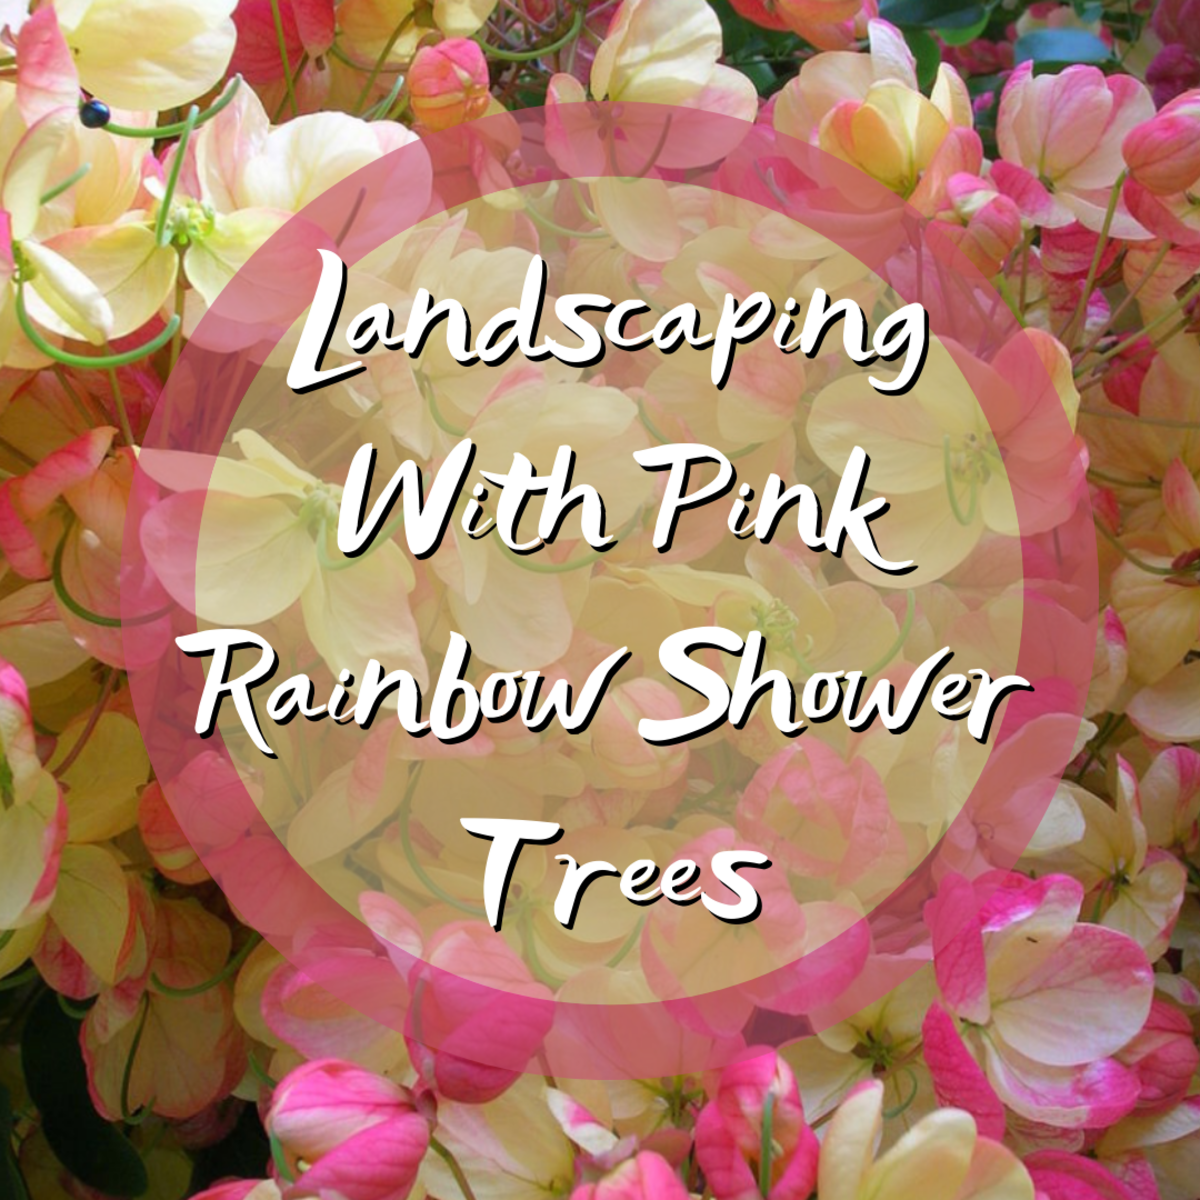 Learn about the Pink Rainbow Shower tree and how to best landscape with it. You'll also learn how to care for a Golden Shower tree.
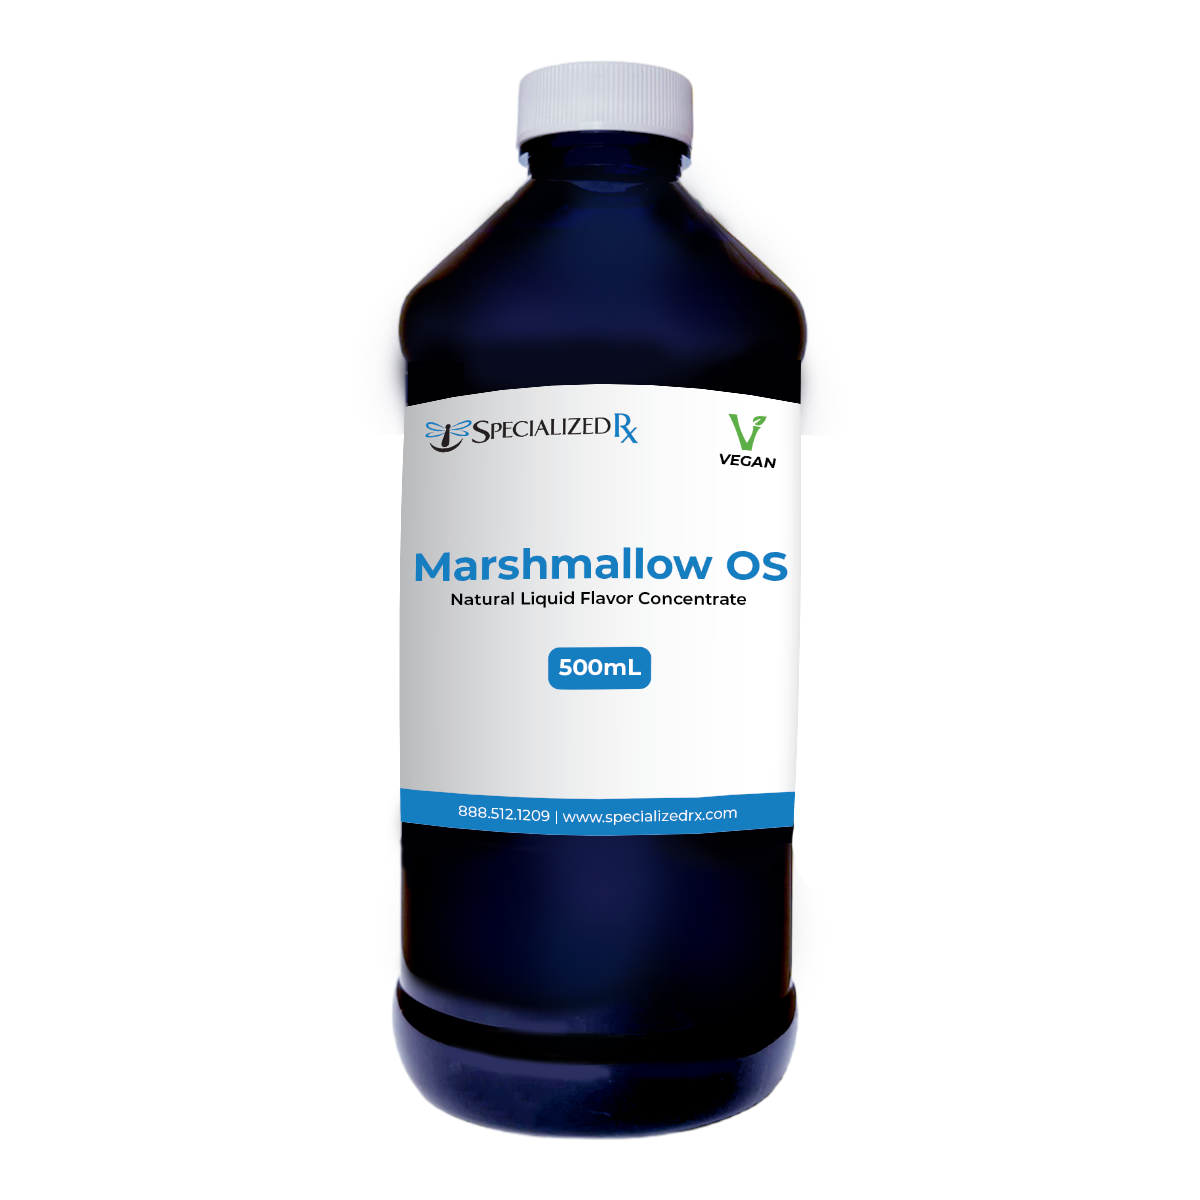 Marshmallow OS Natural Liquid Flavor Concentrate
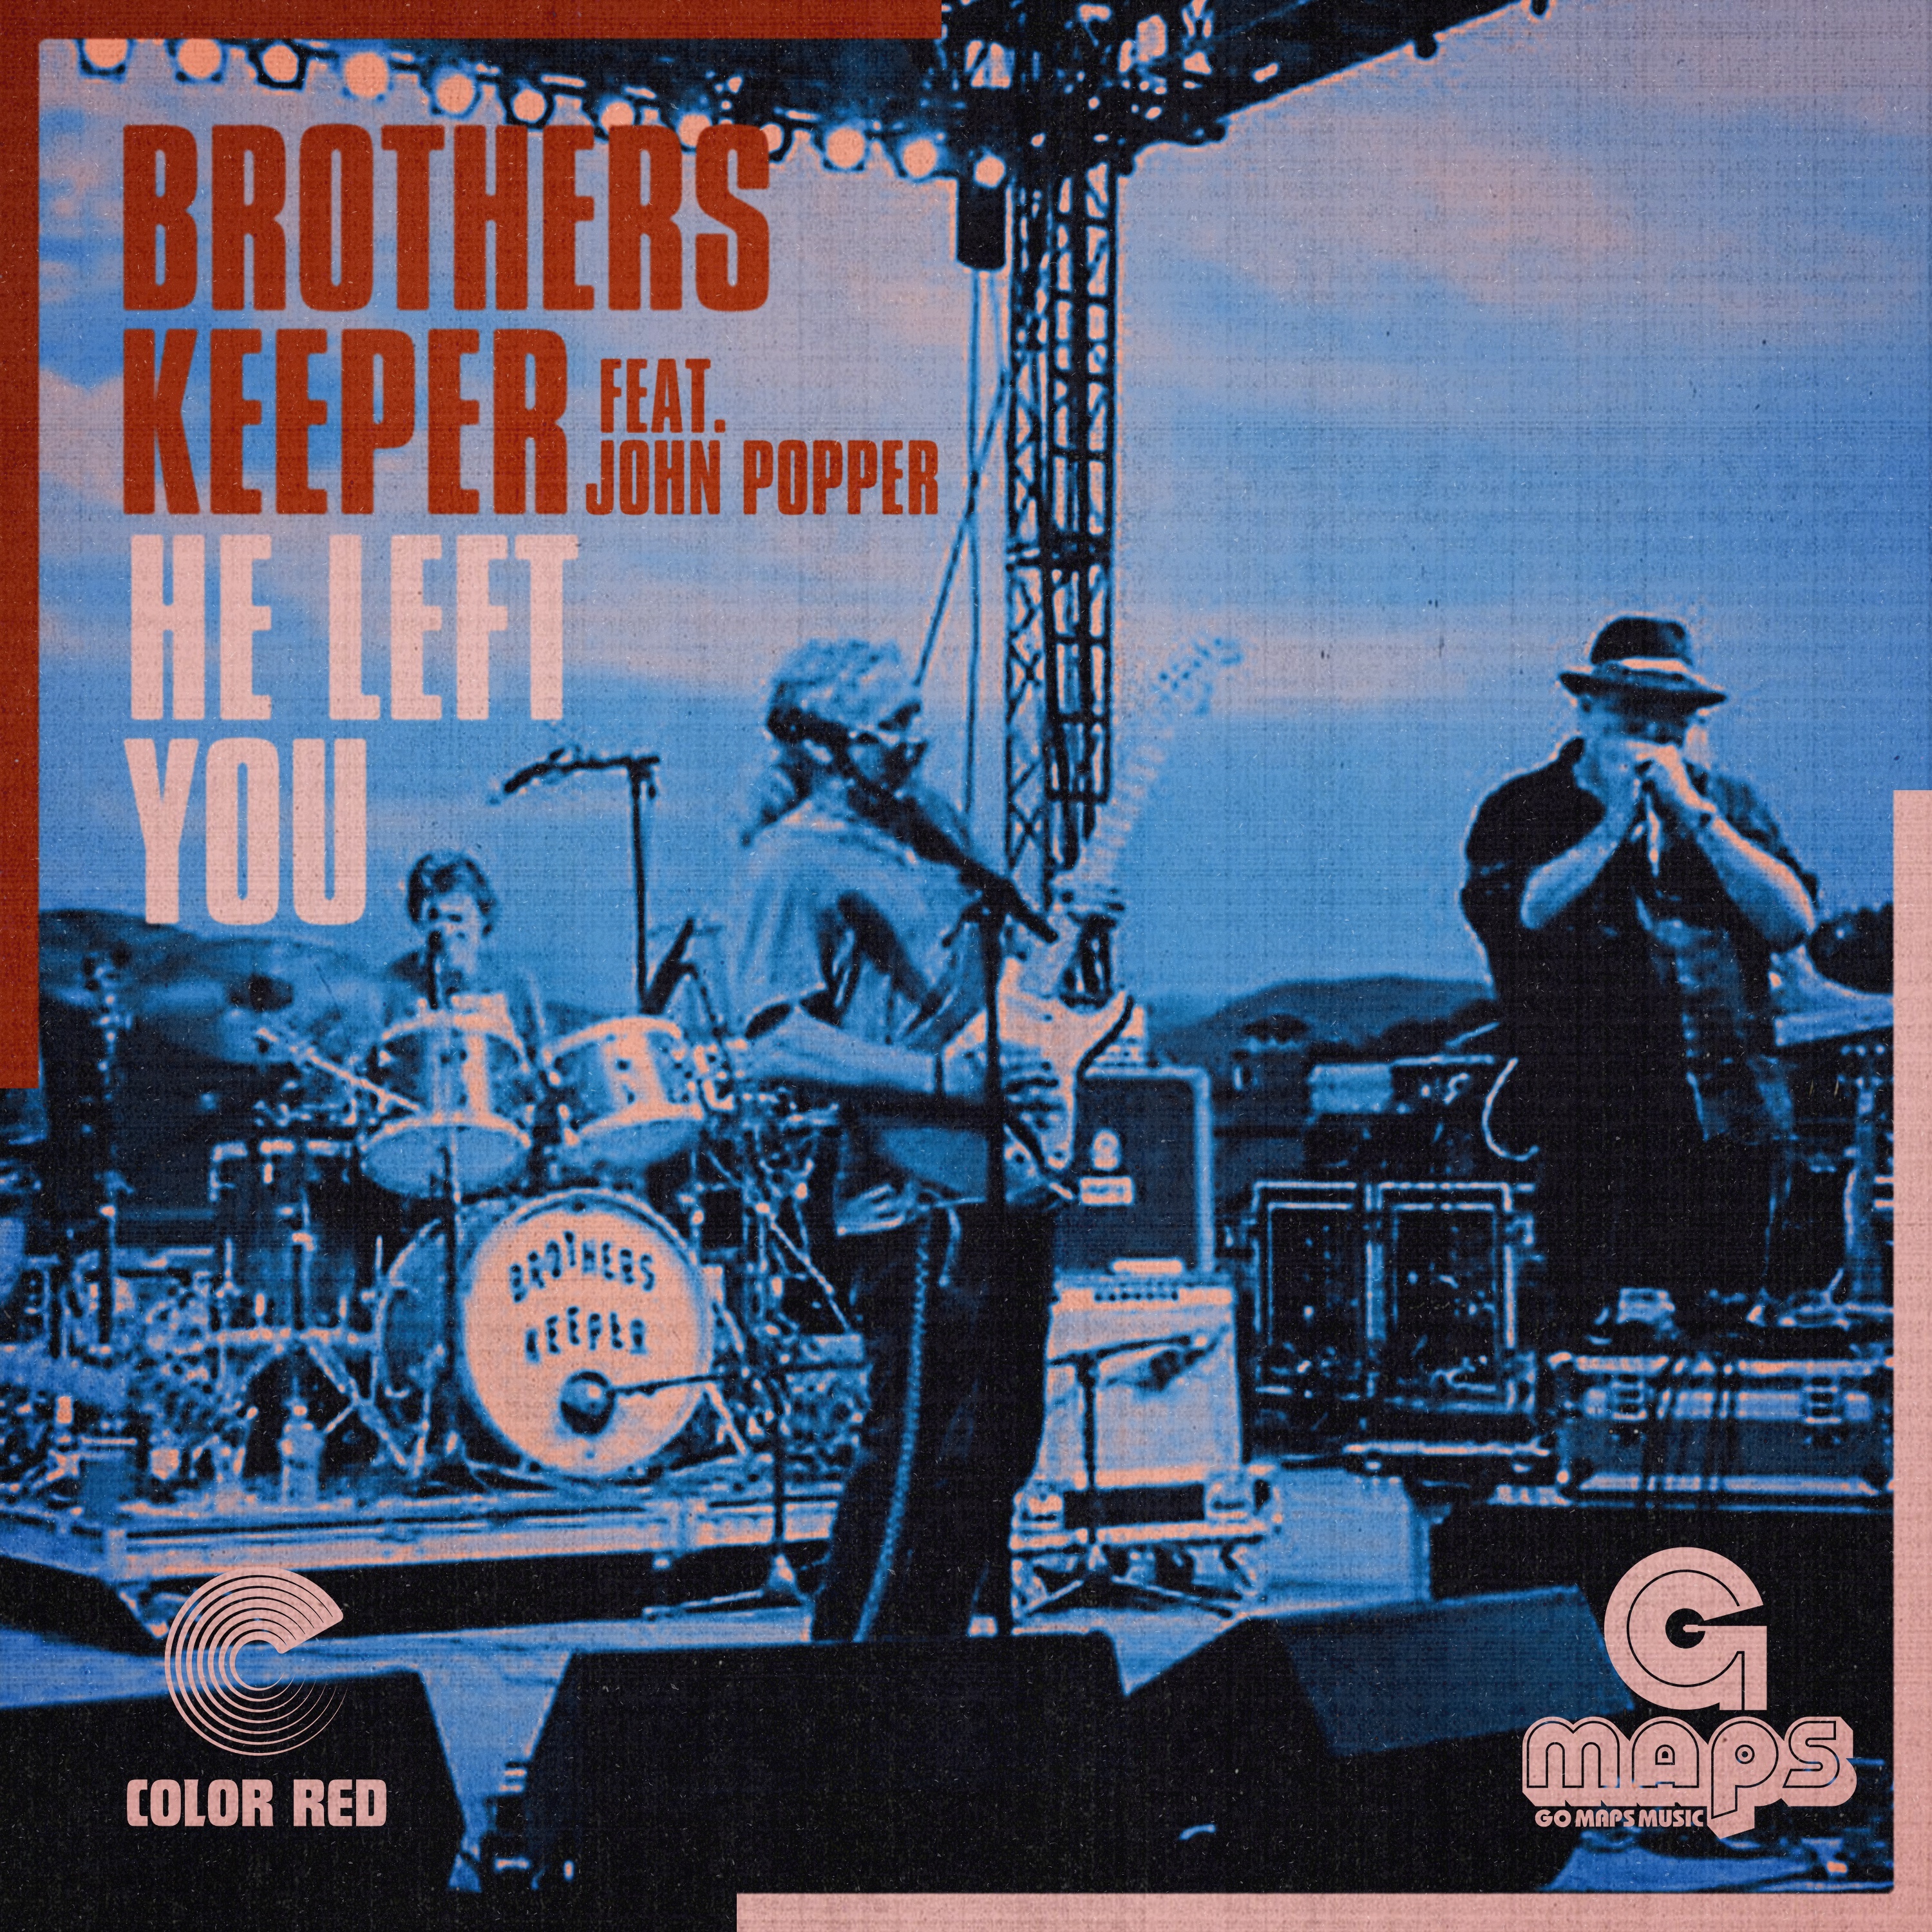 BROTHERS KEEPER ENLISTS JOHN POPPER OF BLUES TRAVELER ON "HE LEFT YOU" AHEAD OF MAPS IN MOTION FUNDRAISER
· · · ·
• What needs to be done:
Transcribe everything above exactly. Do not include the pictures.

• Response below:
 Learn about the Pink Rainbow Shower tree and how to best landscape with it. You'll also learn how to care for a Golden Shower tree.
 Marshmallow OS Natural Liquid Flavor Concentrate
 BROTHERS KEEPER ENLISTS JOHN POPPER OF BLUES TRAVELER ON "HE LEFT YOU" AHEAD OF MAPS IN MOTION FUNDRAISER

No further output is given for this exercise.